(Stored data entries)

--- START ---

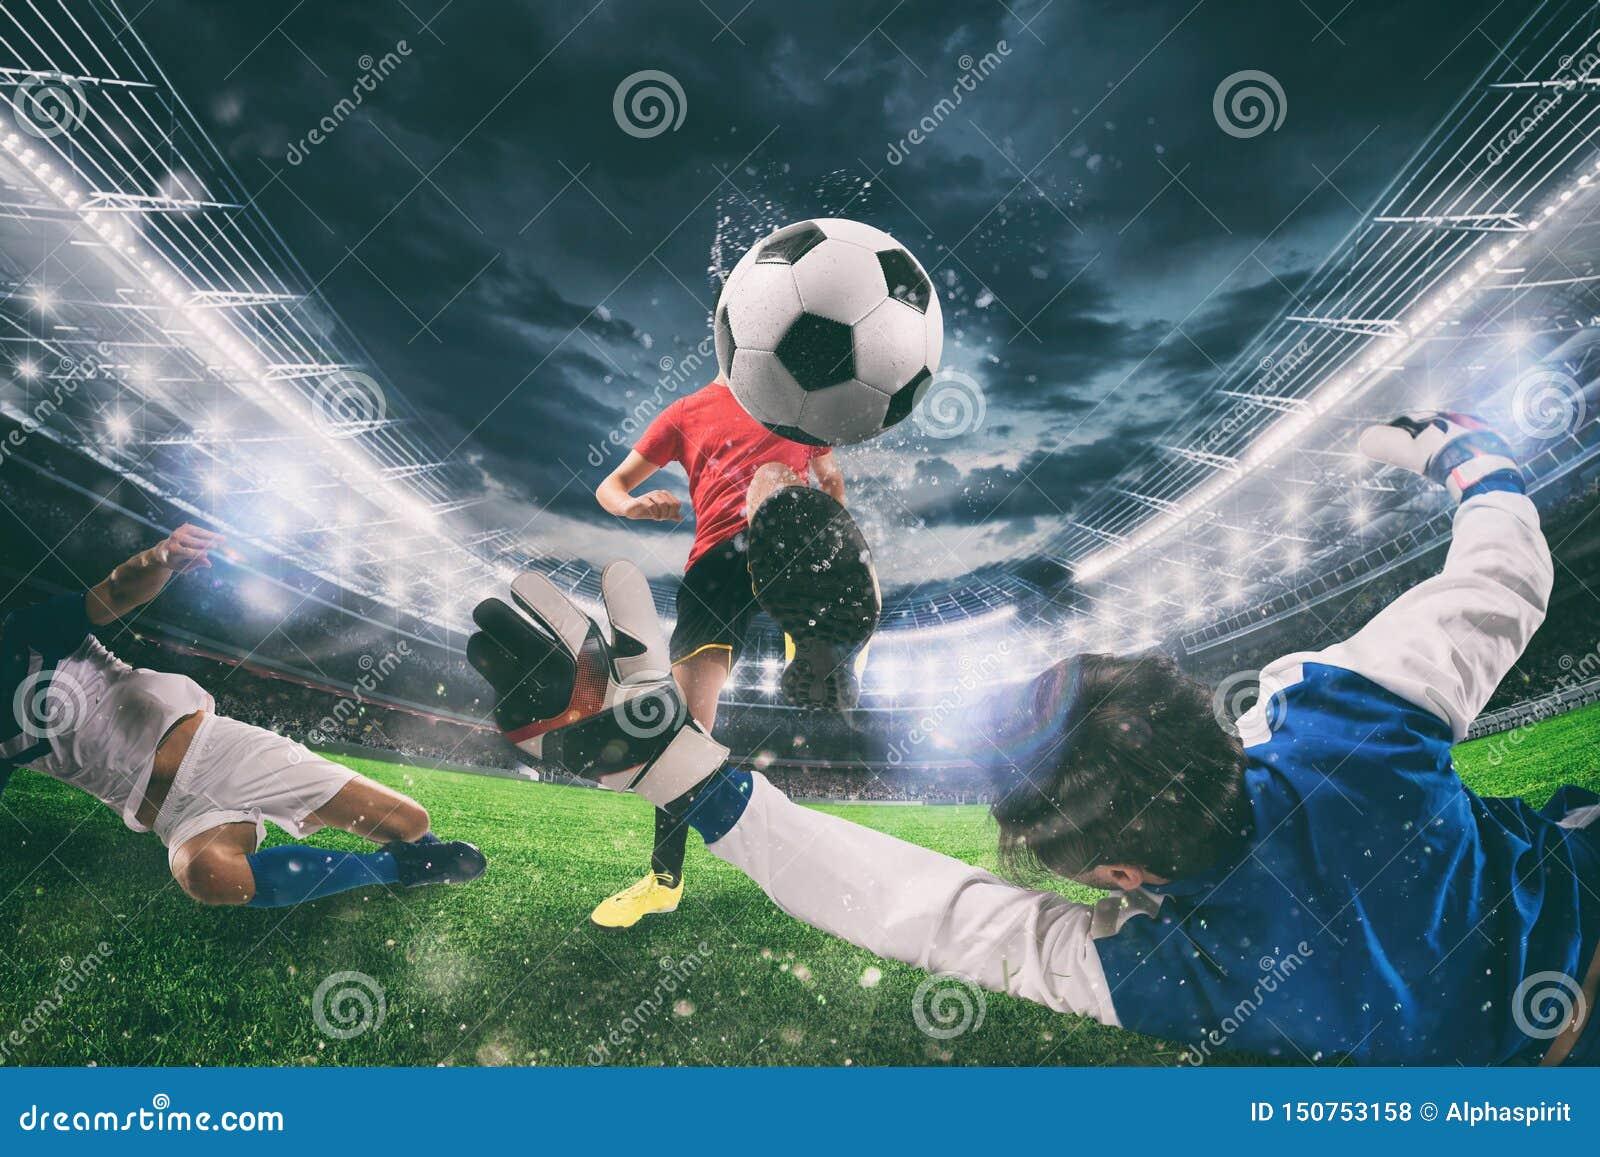 Закройте вверх сцены действия футбола с состязаясь футболистами на стадионе во время спички ночи
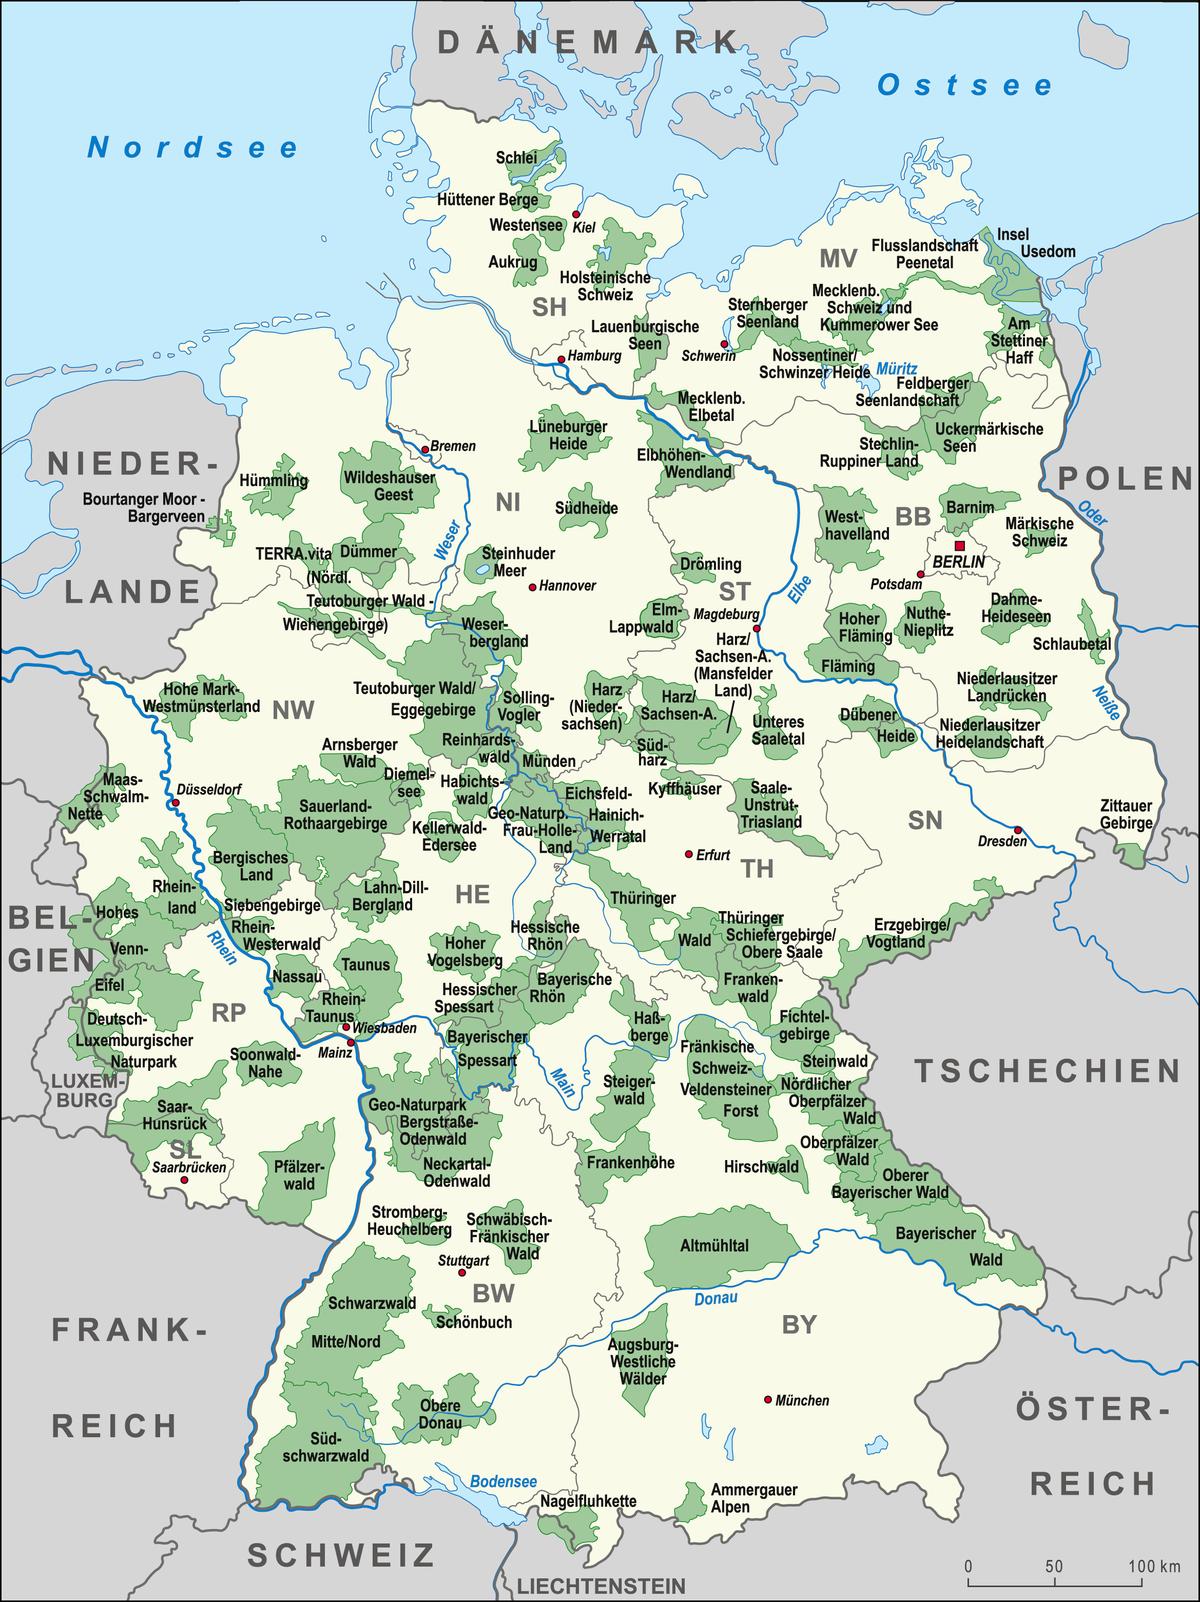 waldgebiete in deutschland karte Liste der Naturparks in Deutschland – Wikipedia
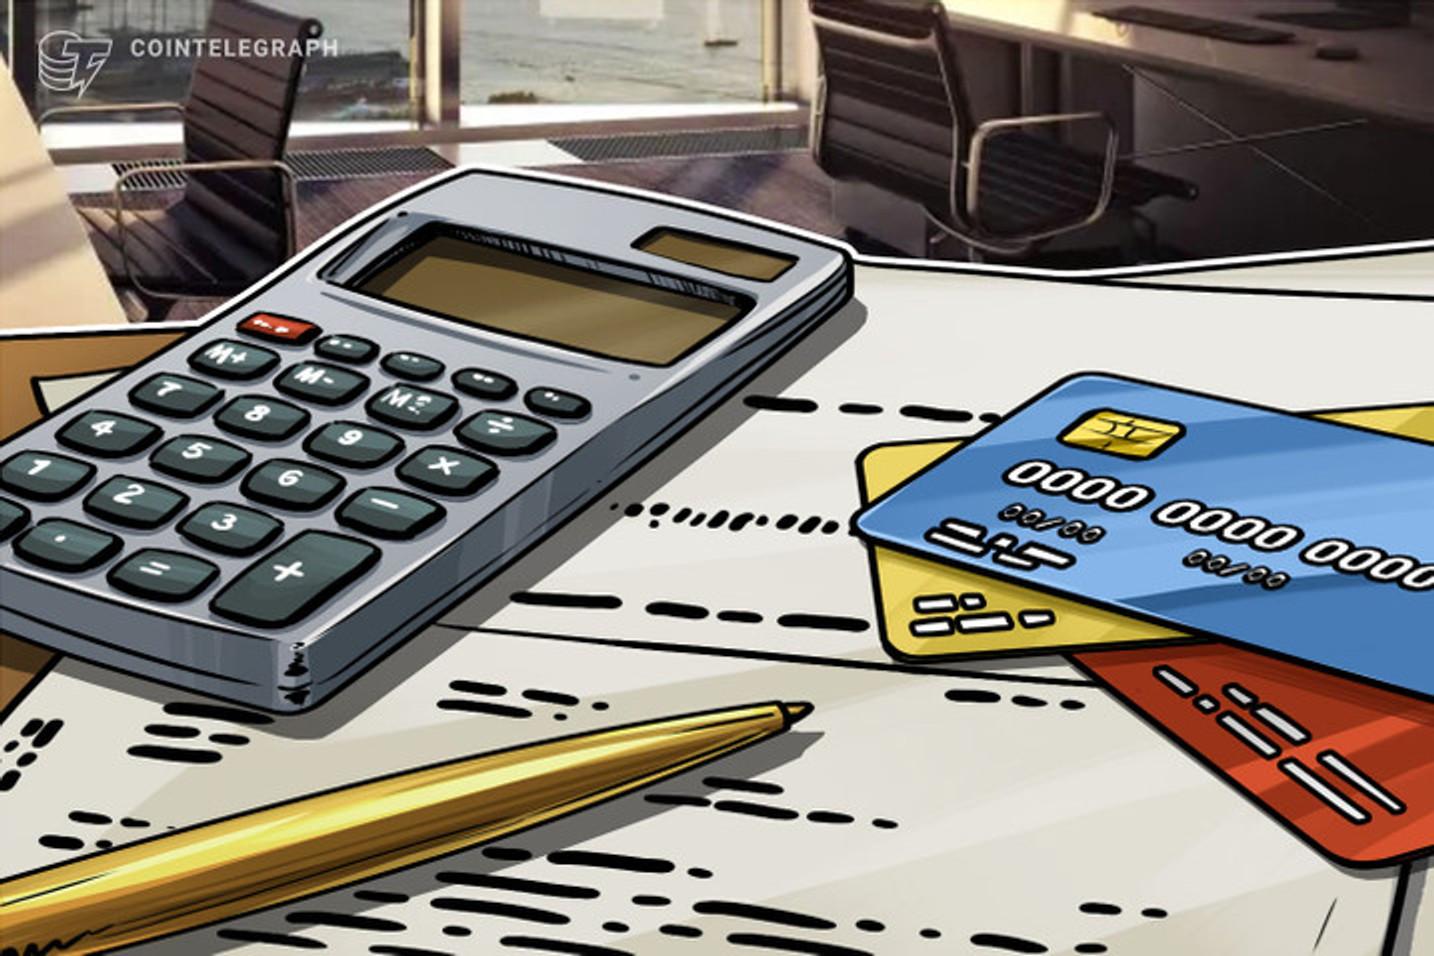 Congelan tarjetas Payoneer por los problemas de Wirecard
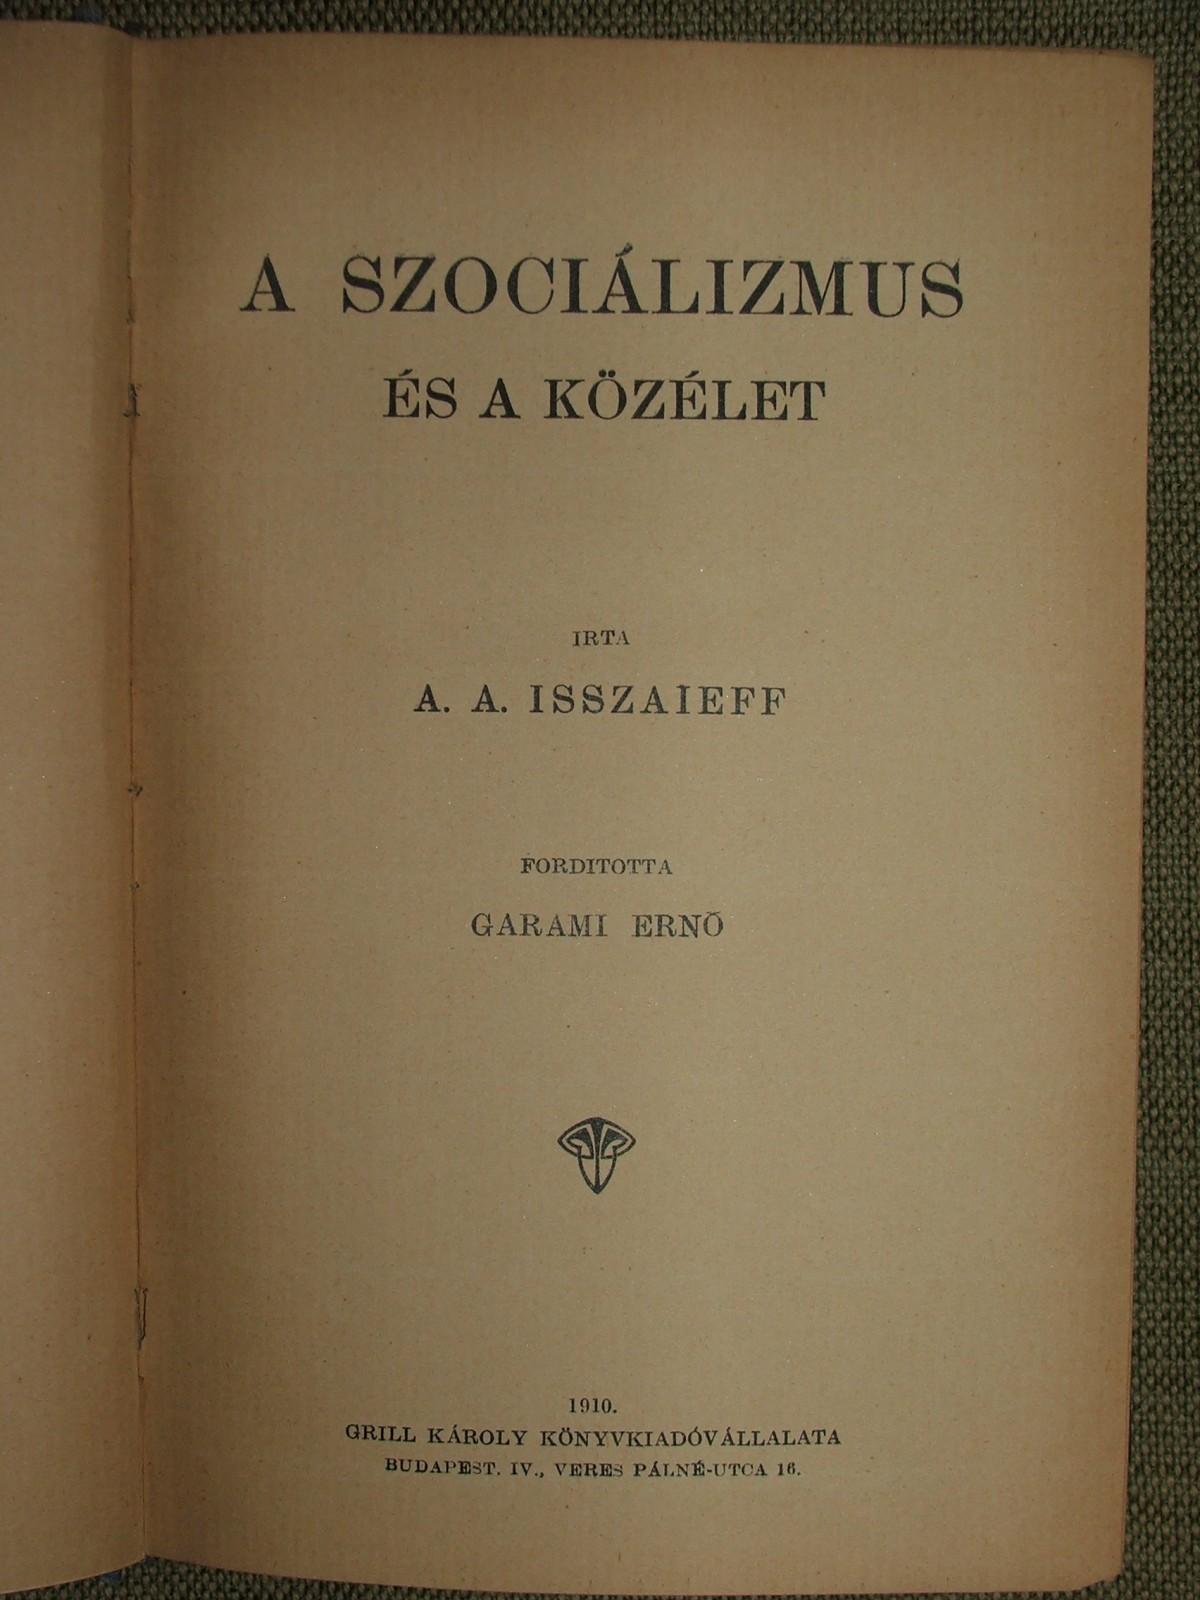 ISSZAIEFF, A.A.: A szociálizmus és a közélet
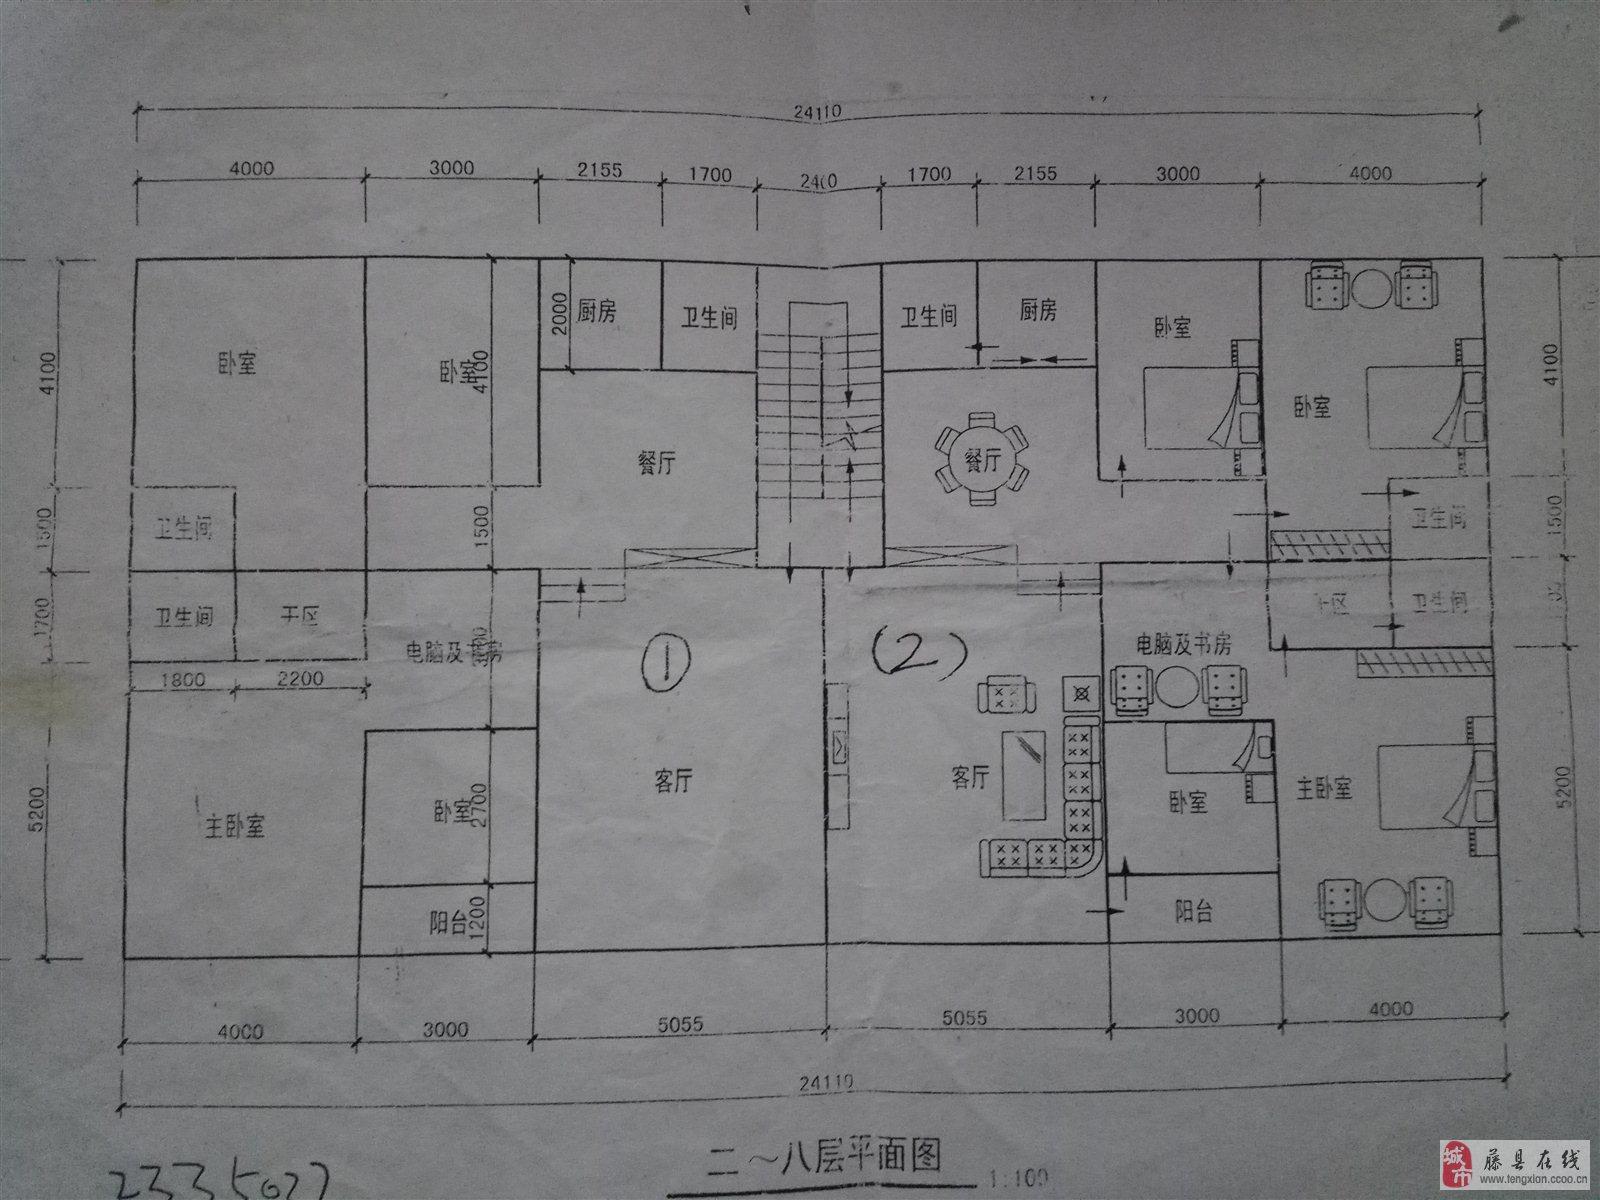 7米宽13米长房屋设计图

--- END ---

### EXERCISE DETAILS
Only the lines from the one holding "ISSZAIEFF, A.A.: A szociálizmus és a közélet" through the last line of the records should be output, please, exactly and without any pictures.

### WRITTEN ANSWER
 ISSZAIEFF, A.A.: A szociálizmus és a közélet
 7米宽13米长房屋设计图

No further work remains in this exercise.